Work item — Below are the records; repeat exactly their lines between the line holding "Portrait of young beautiful girl Stock Photo" and the line holding "6800w-02 18 - 25", inclusive, skipping the pictures.

Supplied material —
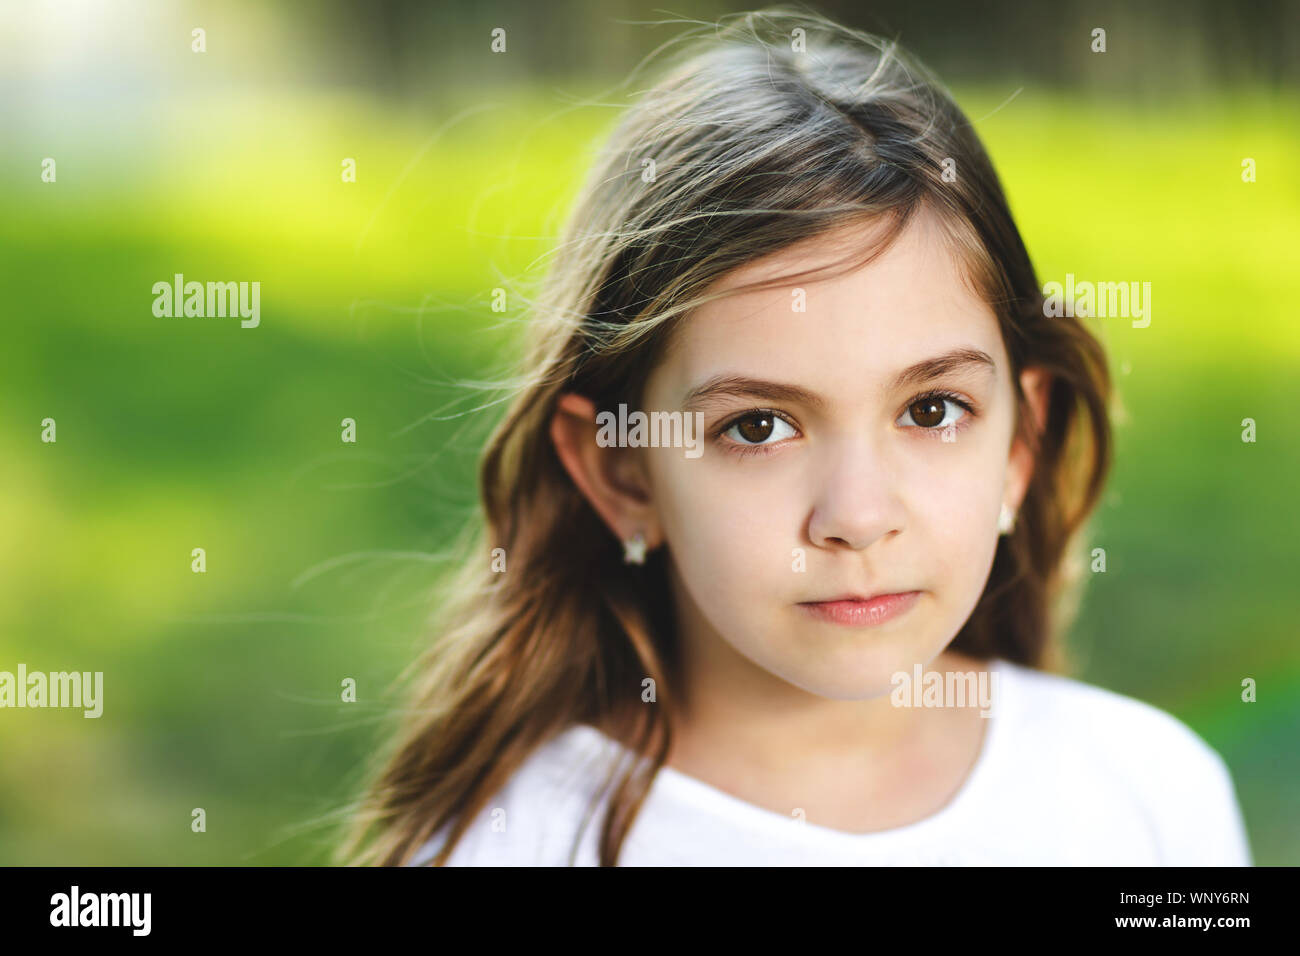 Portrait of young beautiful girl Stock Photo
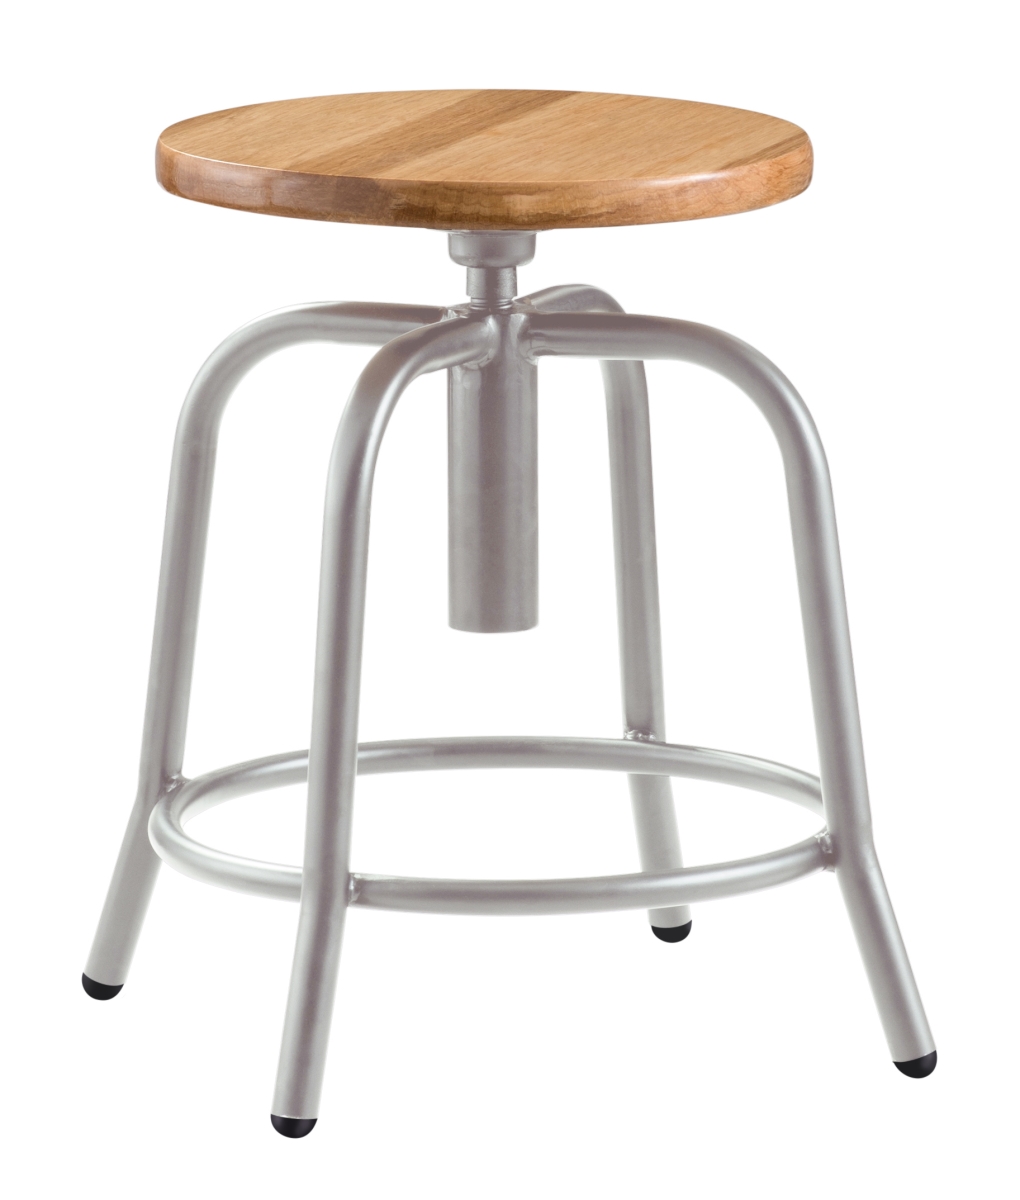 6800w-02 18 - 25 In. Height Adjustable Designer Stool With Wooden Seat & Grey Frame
--
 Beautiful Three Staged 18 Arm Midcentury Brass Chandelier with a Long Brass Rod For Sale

Result of this exercise —
 Portrait of young beautiful girl Stock Photo
 6800w-02 18 - 25 In. Height Adjustable Designer Stool With Wooden Seat & Grey Frame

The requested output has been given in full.